▶ _What the exercise asks_
Pictures in the data should be dropped; transcribe exactly the lines from the one that has "Wunderbares maledivisches Boot" through the one that has "diciembre, por el".

▶ _Input for this task_
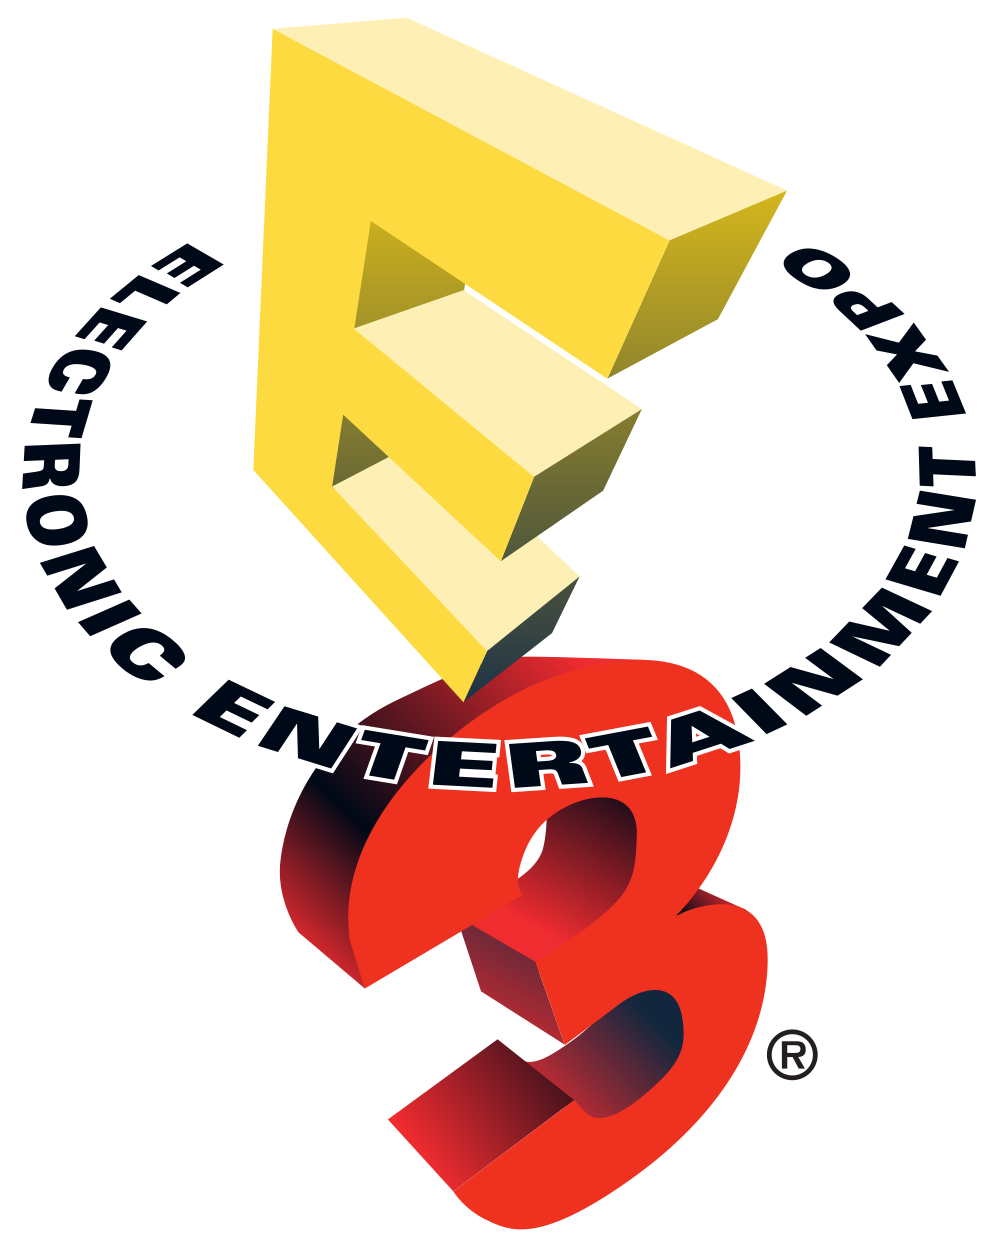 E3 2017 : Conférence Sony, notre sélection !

---

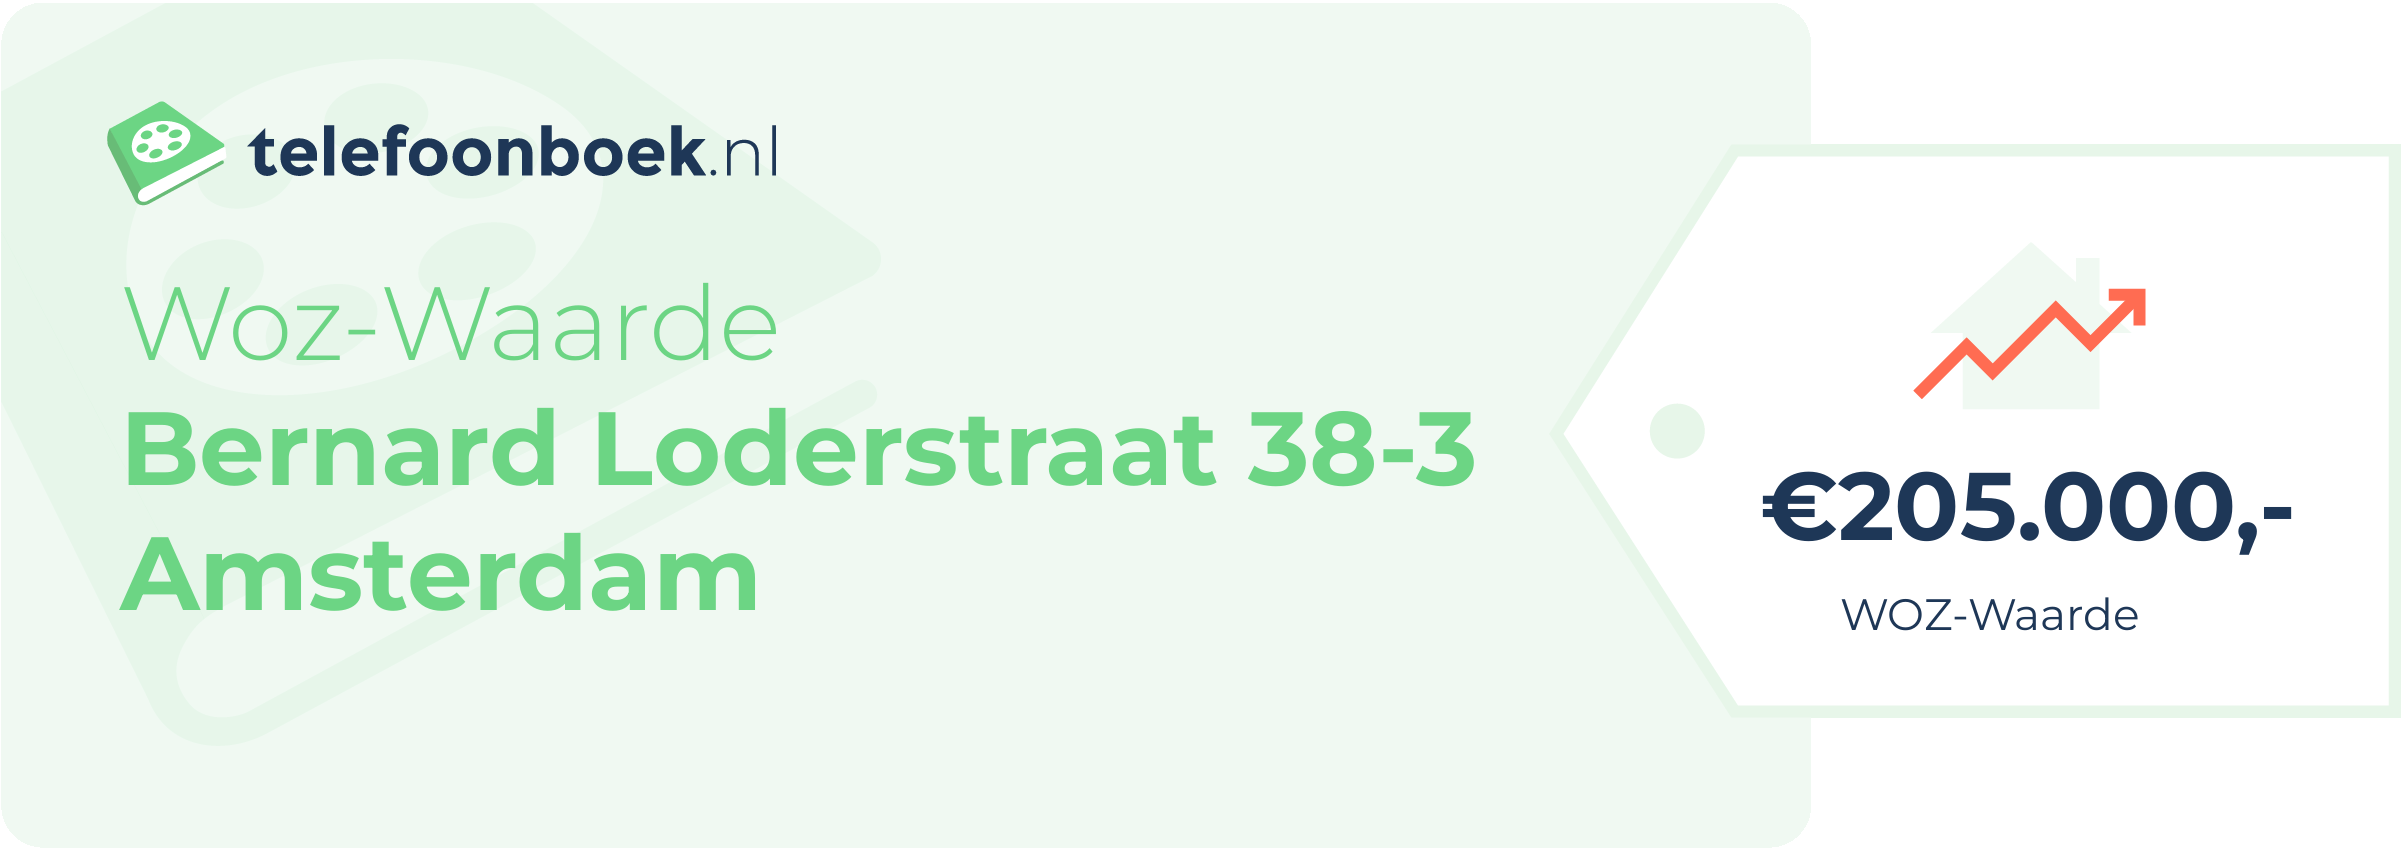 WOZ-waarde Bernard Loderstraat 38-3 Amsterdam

...

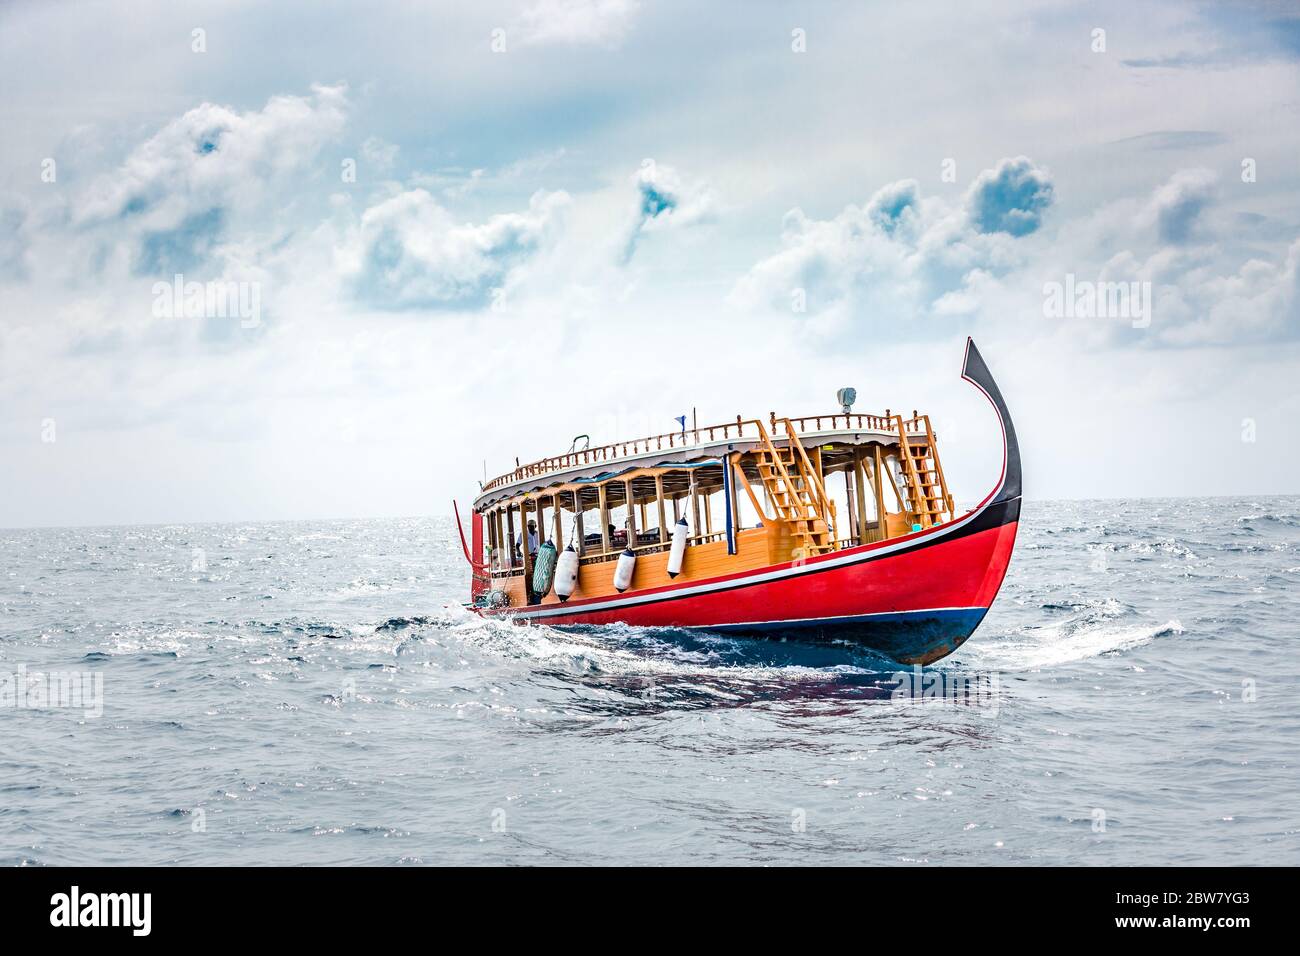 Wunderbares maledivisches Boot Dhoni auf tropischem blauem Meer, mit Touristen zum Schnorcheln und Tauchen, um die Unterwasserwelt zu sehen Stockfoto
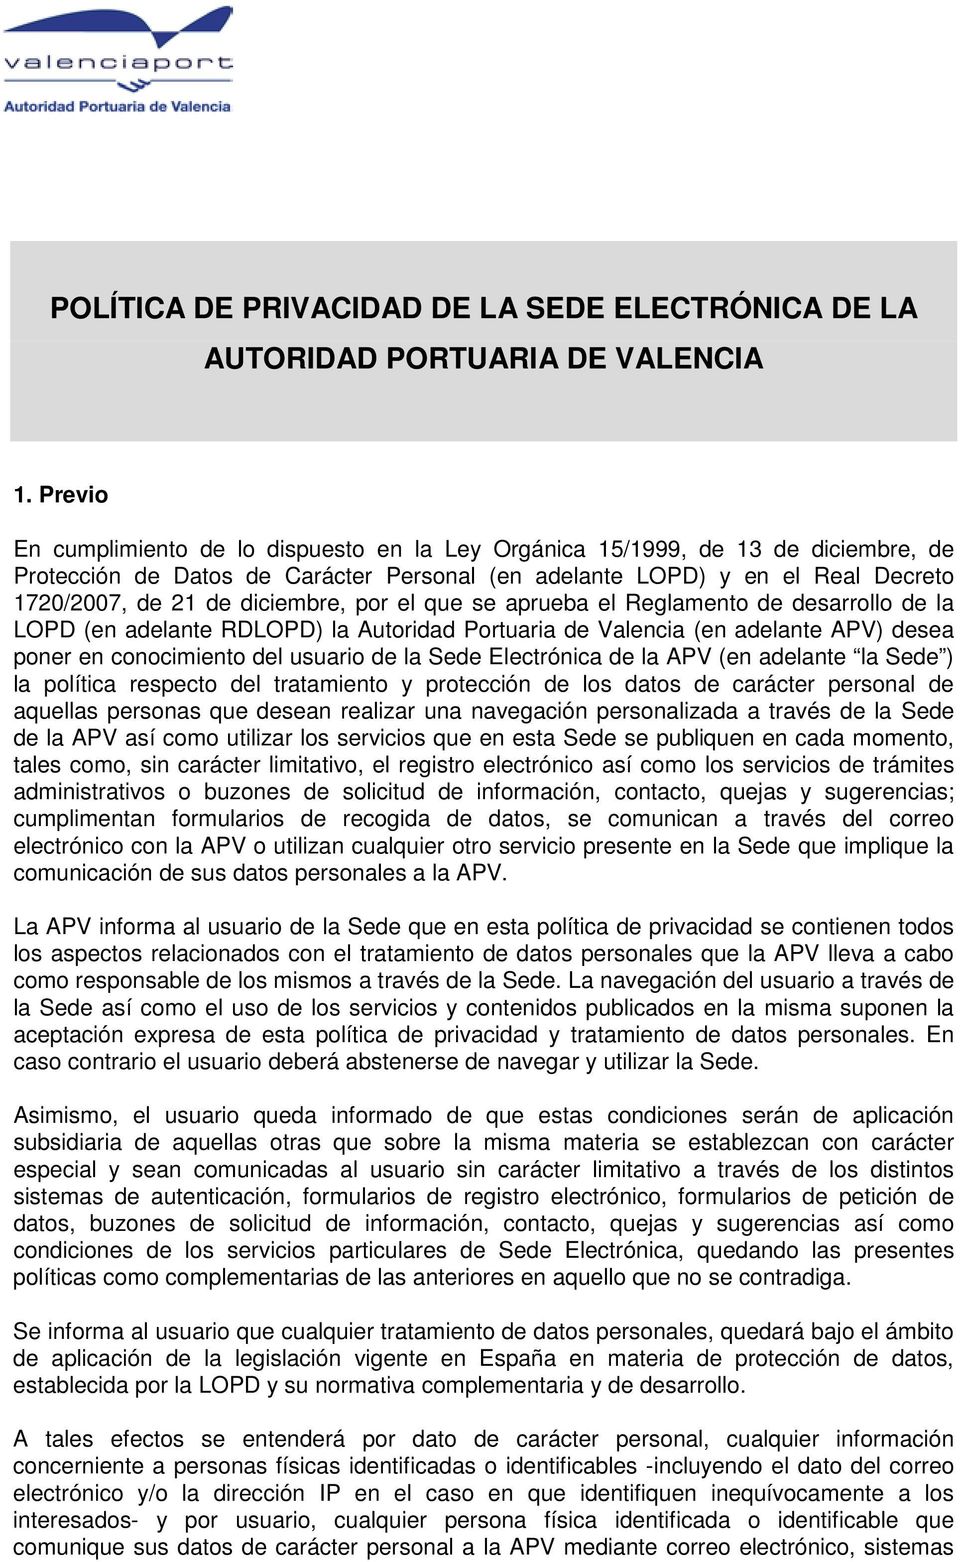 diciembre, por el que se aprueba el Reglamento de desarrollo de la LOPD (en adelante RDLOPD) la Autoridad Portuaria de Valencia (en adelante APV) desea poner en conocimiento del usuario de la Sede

▶ _Response_
 Wunderbares maledivisches Boot Dhoni auf tropischem blauem Meer, mit Touristen zum Schnorcheln und Tauchen, um die Unterwasserwelt zu sehen Stockfoto
 diciembre, por el que se aprueba el Reglamento de desarrollo de la LOPD (en adelante RDLOPD) la Autoridad Portuaria de Valencia (en adelante APV) desea poner en conocimiento del usuario de la Sede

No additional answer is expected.